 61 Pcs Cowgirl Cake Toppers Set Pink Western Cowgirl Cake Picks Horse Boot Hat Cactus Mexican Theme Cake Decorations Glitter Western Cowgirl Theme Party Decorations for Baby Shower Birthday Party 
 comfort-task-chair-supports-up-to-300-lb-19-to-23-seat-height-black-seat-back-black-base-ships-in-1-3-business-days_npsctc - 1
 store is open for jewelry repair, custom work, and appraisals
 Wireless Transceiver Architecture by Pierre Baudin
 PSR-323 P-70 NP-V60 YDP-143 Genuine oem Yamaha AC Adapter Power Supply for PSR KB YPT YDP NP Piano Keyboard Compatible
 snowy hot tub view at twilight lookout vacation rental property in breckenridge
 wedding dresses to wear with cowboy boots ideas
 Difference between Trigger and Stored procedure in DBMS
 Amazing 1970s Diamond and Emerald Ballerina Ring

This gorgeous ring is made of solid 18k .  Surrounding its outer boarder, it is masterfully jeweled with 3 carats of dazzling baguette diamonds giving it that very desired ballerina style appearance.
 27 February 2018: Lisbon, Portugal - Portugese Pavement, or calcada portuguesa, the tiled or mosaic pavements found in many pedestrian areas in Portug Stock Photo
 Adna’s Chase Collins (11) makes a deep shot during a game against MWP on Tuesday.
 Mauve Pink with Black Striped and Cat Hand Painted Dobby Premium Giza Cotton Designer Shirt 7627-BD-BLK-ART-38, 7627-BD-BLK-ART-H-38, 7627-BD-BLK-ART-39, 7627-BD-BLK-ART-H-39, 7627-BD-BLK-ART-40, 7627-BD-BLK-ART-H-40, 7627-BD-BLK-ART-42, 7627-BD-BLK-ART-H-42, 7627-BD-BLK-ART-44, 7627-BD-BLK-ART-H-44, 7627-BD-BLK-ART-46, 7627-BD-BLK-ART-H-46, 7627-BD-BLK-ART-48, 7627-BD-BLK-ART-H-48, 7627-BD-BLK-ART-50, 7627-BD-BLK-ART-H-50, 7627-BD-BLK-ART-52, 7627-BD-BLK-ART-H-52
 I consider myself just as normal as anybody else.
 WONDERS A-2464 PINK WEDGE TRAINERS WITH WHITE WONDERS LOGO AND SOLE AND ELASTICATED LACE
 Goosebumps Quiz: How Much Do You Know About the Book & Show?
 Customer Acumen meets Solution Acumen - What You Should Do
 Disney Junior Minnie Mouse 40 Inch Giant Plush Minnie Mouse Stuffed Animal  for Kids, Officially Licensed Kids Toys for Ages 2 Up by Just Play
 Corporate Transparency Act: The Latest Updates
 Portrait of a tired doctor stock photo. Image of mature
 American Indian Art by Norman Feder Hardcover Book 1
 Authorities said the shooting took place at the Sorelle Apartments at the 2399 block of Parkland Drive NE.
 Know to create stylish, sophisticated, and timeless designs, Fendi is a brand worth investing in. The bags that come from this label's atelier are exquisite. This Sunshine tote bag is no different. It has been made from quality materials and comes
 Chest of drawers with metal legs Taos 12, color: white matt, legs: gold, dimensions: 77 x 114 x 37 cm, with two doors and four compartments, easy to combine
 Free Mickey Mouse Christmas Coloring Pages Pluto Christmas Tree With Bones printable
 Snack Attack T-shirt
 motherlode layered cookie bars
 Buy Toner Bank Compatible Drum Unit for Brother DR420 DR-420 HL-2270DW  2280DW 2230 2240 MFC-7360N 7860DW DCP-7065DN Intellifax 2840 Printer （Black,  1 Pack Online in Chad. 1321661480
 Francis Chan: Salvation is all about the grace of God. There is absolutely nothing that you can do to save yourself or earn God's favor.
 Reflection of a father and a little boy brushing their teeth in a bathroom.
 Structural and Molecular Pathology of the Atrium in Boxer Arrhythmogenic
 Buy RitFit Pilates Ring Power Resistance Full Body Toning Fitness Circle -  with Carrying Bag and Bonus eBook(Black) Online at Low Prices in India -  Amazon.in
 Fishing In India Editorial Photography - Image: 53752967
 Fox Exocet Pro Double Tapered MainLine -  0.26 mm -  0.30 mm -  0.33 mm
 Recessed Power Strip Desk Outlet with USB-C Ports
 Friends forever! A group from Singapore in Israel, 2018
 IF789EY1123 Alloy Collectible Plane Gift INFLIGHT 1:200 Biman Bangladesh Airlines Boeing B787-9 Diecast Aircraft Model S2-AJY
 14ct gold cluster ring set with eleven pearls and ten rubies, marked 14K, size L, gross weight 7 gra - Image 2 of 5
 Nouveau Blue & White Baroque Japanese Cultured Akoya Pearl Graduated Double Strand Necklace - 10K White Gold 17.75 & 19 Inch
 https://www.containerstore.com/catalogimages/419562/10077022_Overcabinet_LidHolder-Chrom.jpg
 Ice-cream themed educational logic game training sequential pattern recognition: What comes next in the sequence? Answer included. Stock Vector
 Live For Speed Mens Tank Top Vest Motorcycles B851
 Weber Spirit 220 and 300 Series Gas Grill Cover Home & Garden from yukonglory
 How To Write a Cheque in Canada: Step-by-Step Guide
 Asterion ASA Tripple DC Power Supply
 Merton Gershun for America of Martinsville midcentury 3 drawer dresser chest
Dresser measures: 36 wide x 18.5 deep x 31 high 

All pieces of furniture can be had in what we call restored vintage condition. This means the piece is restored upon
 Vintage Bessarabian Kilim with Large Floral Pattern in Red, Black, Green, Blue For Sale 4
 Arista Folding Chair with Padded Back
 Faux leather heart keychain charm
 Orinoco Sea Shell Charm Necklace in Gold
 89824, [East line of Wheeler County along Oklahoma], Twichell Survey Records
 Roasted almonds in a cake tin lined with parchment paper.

__________________________________________________

## WHAT NEEDS TO BE DONE
Only an exact retyping of the full data will do.

## SOLUTION
 61 Pcs Cowgirl Cake Toppers Set Pink Western Cowgirl Cake Picks Horse Boot Hat Cactus Mexican Theme Cake Decorations Glitter Western Cowgirl Theme Party Decorations for Baby Shower Birthday Party 
 comfort-task-chair-supports-up-to-300-lb-19-to-23-seat-height-black-seat-back-black-base-ships-in-1-3-business-days_npsctc - 1
 store is open for jewelry repair, custom work, and appraisals
 Wireless Transceiver Architecture by Pierre Baudin
 PSR-323 P-70 NP-V60 YDP-143 Genuine oem Yamaha AC Adapter Power Supply for PSR KB YPT YDP NP Piano Keyboard Compatible
 snowy hot tub view at twilight lookout vacation rental property in breckenridge
 wedding dresses to wear with cowboy boots ideas
 Difference between Trigger and Stored procedure in DBMS
 Amazing 1970s Diamond and Emerald Ballerina Ring

This gorgeous ring is made of solid 18k .  Surrounding its outer boarder, it is masterfully jeweled with 3 carats of dazzling baguette diamonds giving it that very desired ballerina style appearance.
 27 February 2018: Lisbon, Portugal - Portugese Pavement, or calcada portuguesa, the tiled or mosaic pavements found in many pedestrian areas in Portug Stock Photo
 Adna’s Chase Collins (11) makes a deep shot during a game against MWP on Tuesday.
 Mauve Pink with Black Striped and Cat Hand Painted Dobby Premium Giza Cotton Designer Shirt 7627-BD-BLK-ART-38, 7627-BD-BLK-ART-H-38, 7627-BD-BLK-ART-39, 7627-BD-BLK-ART-H-39, 7627-BD-BLK-ART-40, 7627-BD-BLK-ART-H-40, 7627-BD-BLK-ART-42, 7627-BD-BLK-ART-H-42, 7627-BD-BLK-ART-44, 7627-BD-BLK-ART-H-44, 7627-BD-BLK-ART-46, 7627-BD-BLK-ART-H-46, 7627-BD-BLK-ART-48, 7627-BD-BLK-ART-H-48, 7627-BD-BLK-ART-50, 7627-BD-BLK-ART-H-50, 7627-BD-BLK-ART-52, 7627-BD-BLK-ART-H-52
 I consider myself just as normal as anybody else.
 WONDERS A-2464 PINK WEDGE TRAINERS WITH WHITE WONDERS LOGO AND SOLE AND ELASTICATED LACE
 Goosebumps Quiz: How Much Do You Know About the Book & Show?
 Customer Acumen meets Solution Acumen - What You Should Do
 Disney Junior Minnie Mouse 40 Inch Giant Plush Minnie Mouse Stuffed Animal  for Kids, Officially Licensed Kids Toys for Ages 2 Up by Just Play
 Corporate Transparency Act: The Latest Updates
 Portrait of a tired doctor stock photo. Image of mature
 American Indian Art by Norman Feder Hardcover Book 1
 Authorities said the shooting took place at the Sorelle Apartments at the 2399 block of Parkland Drive NE.
 Know to create stylish, sophisticated, and timeless designs, Fendi is a brand worth investing in. The bags that come from this label's atelier are exquisite. This Sunshine tote bag is no different. It has been made from quality materials and comes
 Chest of drawers with metal legs Taos 12, color: white matt, legs: gold, dimensions: 77 x 114 x 37 cm, with two doors and four compartments, easy to combine
 Free Mickey Mouse Christmas Coloring Pages Pluto Christmas Tree With Bones printable
 Snack Attack T-shirt
 motherlode layered cookie bars
 Buy Toner Bank Compatible Drum Unit for Brother DR420 DR-420 HL-2270DW  2280DW 2230 2240 MFC-7360N 7860DW DCP-7065DN Intellifax 2840 Printer （Black,  1 Pack Online in Chad. 1321661480
 Francis Chan: Salvation is all about the grace of God. There is absolutely nothing that you can do to save yourself or earn God's favor.
 Reflection of a father and a little boy brushing their teeth in a bathroom.
 Structural and Molecular Pathology of the Atrium in Boxer Arrhythmogenic
 Buy RitFit Pilates Ring Power Resistance Full Body Toning Fitness Circle -  with Carrying Bag and Bonus eBook(Black) Online at Low Prices in India -  Amazon.in
 Fishing In India Editorial Photography - Image: 53752967
 Fox Exocet Pro Double Tapered MainLine -  0.26 mm -  0.30 mm -  0.33 mm
 Recessed Power Strip Desk Outlet with USB-C Ports
 Friends forever! A group from Singapore in Israel, 2018
 IF789EY1123 Alloy Collectible Plane Gift INFLIGHT 1:200 Biman Bangladesh Airlines Boeing B787-9 Diecast Aircraft Model S2-AJY
 14ct gold cluster ring set with eleven pearls and ten rubies, marked 14K, size L, gross weight 7 gra - Image 2 of 5
 Nouveau Blue & White Baroque Japanese Cultured Akoya Pearl Graduated Double Strand Necklace - 10K White Gold 17.75 & 19 Inch
 https://www.containerstore.com/catalogimages/419562/10077022_Overcabinet_LidHolder-Chrom.jpg
 Ice-cream themed educational logic game training sequential pattern recognition: What comes next in the sequence? Answer included. Stock Vector
 Live For Speed Mens Tank Top Vest Motorcycles B851
 Weber Spirit 220 and 300 Series Gas Grill Cover Home & Garden from yukonglory
 How To Write a Cheque in Canada: Step-by-Step Guide
 Asterion ASA Tripple DC Power Supply
 Merton Gershun for America of Martinsville midcentury 3 drawer dresser chest
Dresser measures: 36 wide x 18.5 deep x 31 high 

All pieces of furniture can be had in what we call restored vintage condition. This means the piece is restored upon
 Vintage Bessarabian Kilim with Large Floral Pattern in Red, Black, Green, Blue For Sale 4
 Arista Folding Chair with Padded Back
 Faux leather heart keychain charm
 Orinoco Sea Shell Charm Necklace in Gold
 89824, [East line of Wheeler County along Oklahoma], Twichell Survey Records
 Roasted almonds in a cake tin lined with parchment paper.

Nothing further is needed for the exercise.